The Two Supplements You Actually Need

Walk into any pharmacy and you will find a wall of pregnancy supplements promising everything. The NHS recommends two — and both have robust evidence behind them.

Folic acid (400mcg daily, from before conception to week 12)

Folic acid reduces the risk of neural tube defects — conditions affecting the brain and spinal cord that form in the first weeks of pregnancy — by up to 70%. The NHS recommends 400mcg daily from at least three months before conception through to week 12. If you are already pregnant and have not started, begin immediately. Even a few weeks of supplementation matters. A higher dose of 5mg is prescribed if you have a personal or family history of neural tube defects, take anti-epileptic medication, or have certain metabolic conditions — your GP can arrange this.

Vitamin D (10mcg daily, throughout pregnancy and breastfeeding)

Most people in the UK do not produce sufficient vitamin D from sunlight, particularly between October and March. During pregnancy, vitamin D supports fetal bone development and immune function. 10mcg (400 IU) daily is the recommendation throughout pregnancy and breastfeeding. It is inexpensive, available without prescription, and if you are on low income or receiving certain benefits, Healthy Start vouchers cover it.

Everything else

Iron supplementation is recommended if blood tests reveal anaemia, which is common in the second and third trimesters. Omega-3 DHA (from food or algae-based supplements) supports fetal brain development. Iodine is important for thyroid function and fetal development and is found in dairy, white fish, and eggs — often low in vegan diets. Do not take high-dose vitamin A supplements or liver oil products during pregnancy.
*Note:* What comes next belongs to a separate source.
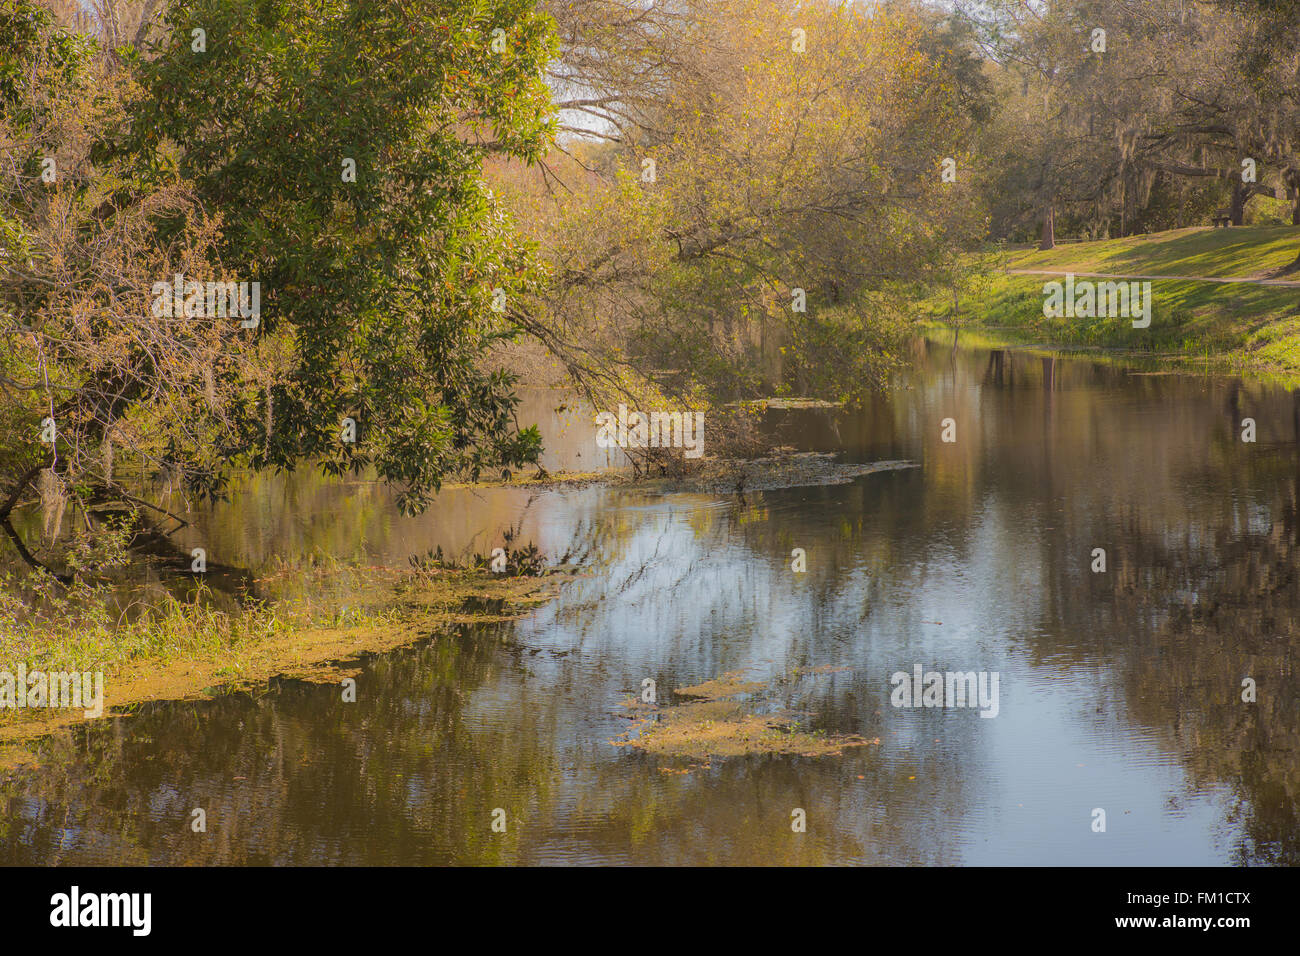 Ansa del fiume - Una scenic river in Florida con alberi raggiungendo oltre l'acqua Foto Stock

What to Eat During Pregnancy

The phrase "eating for two" is one of the more persistent myths in pregnancy. Caloric requirements increase only modestly — around 300 extra calories in the second trimester, and 500 in the third. What matters far more than quantity is quality, particularly protein, calcium, iron, folate, and iodine.

A practical approach: include a protein source at every meal, prioritise dairy or fortified plant alternatives for calcium, choose iron-rich foods and pair them with vitamin C to improve absorption, and base your diet on whole foods rather than supplements where possible.

  • Protein — meat, fish, eggs, dairy, legumes, tofu. Essential for fetal growth.
  • Calcium — dairy products, fortified plant milks, leafy greens, sardines with bones. Critical for fetal bone and tooth development.
  • Iron — red meat, fortified cereals, lentils, dark leafy greens. Eat with vitamin C. Avoid tea or coffee with meals, which inhibit iron absorption.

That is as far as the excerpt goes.